Characterization of a novel calcium‐binding 90‐kDa glycoprotein (BM‐90) shared by basement membranes and serum

Abstract

The protein BM-90 was solubilized from the mouse Engelbreth-Holm-Swarm tumor with neutral buffers in molar yields lower (15-30%) than found for other basement membrane proteins (e.g. laminin, BM-40). The purified protein was shown to be rich in cysteine (5 mol%) and to change in SDS electrophoresis from an 84-kDa position to a 95-kDa one upon reduction. BM-90 was also shown to be a calcium-binding protein. The N-terminal sequence of BM-90, as well as those of several internal peptides, showed no identity with any known protein sequences, indicating that it is a new protein. Specific radioimmunoassays showed no or only minor cross-reactions with other known basement membrane proteins.

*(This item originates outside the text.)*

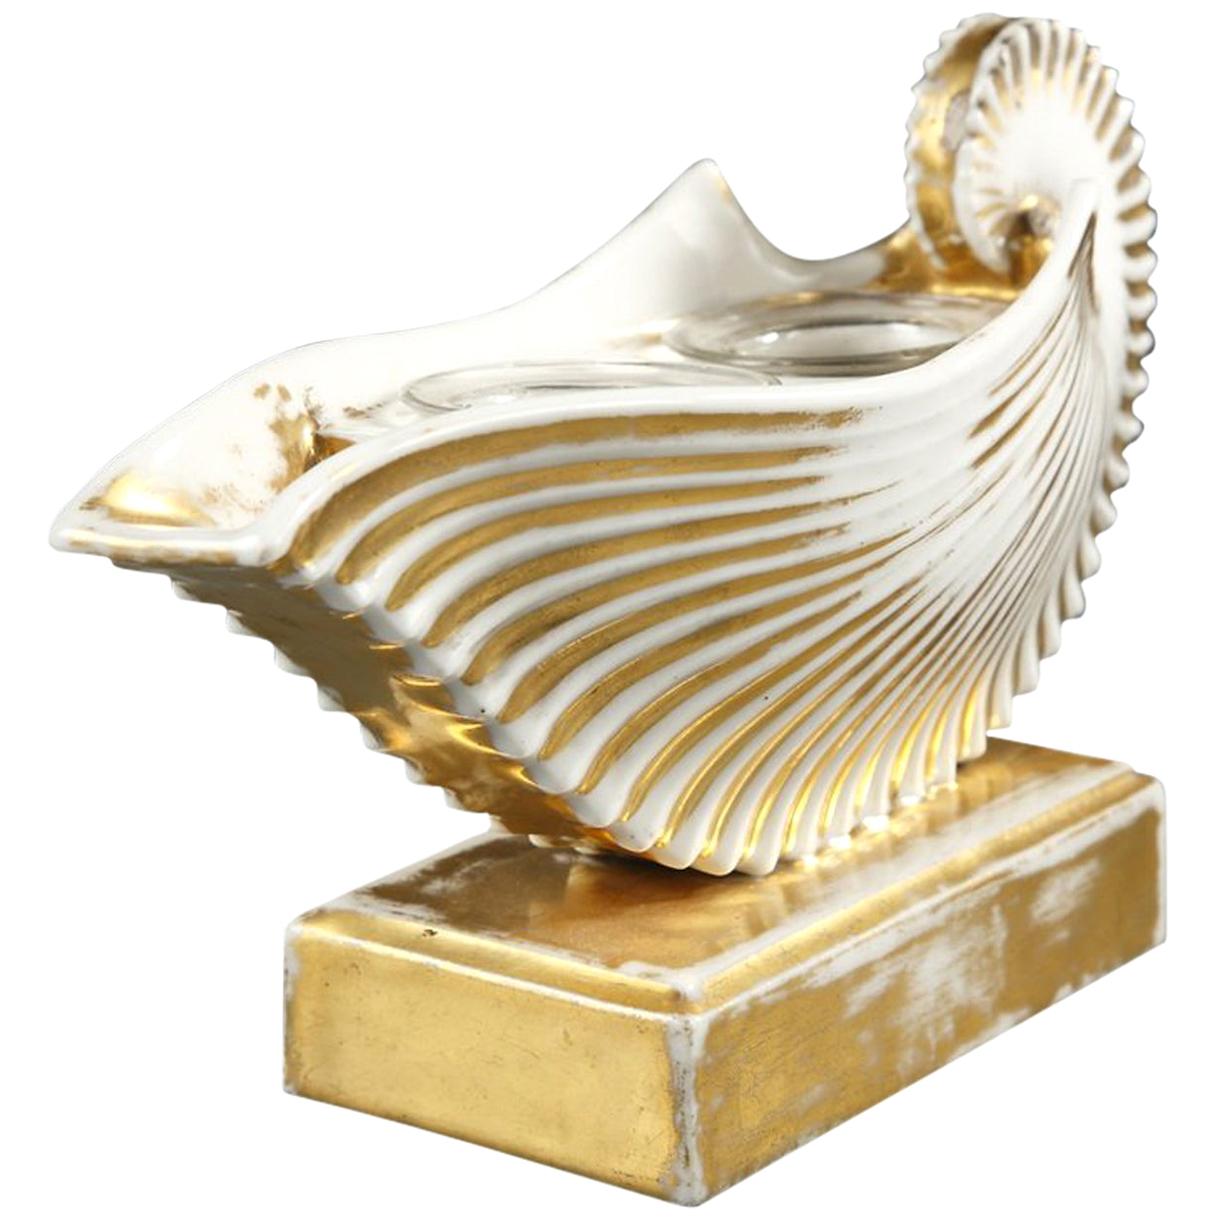 19th Century Shell-Shaped, White Porcelain Inkwell For Sale

Immunological assays demonstrated BM-90 to be present in neutral salt extracts from mouse heart and kidney, in serum (20-40 micrograms/ml) and in the medium of various cultured cells (0.1-1 microgram/ml). The protein in these samples was identical in size to BM-90 purified from the tumor, indicating that negligible degradation occurs during purification. An extracellular matrix localization of BM-90 was shown by immunofluorescence for Reichert's membrane, lens capsules and other basement membranes. Thus, BM-90 appears to be a novel basement membrane protein whose functions remain to be studied.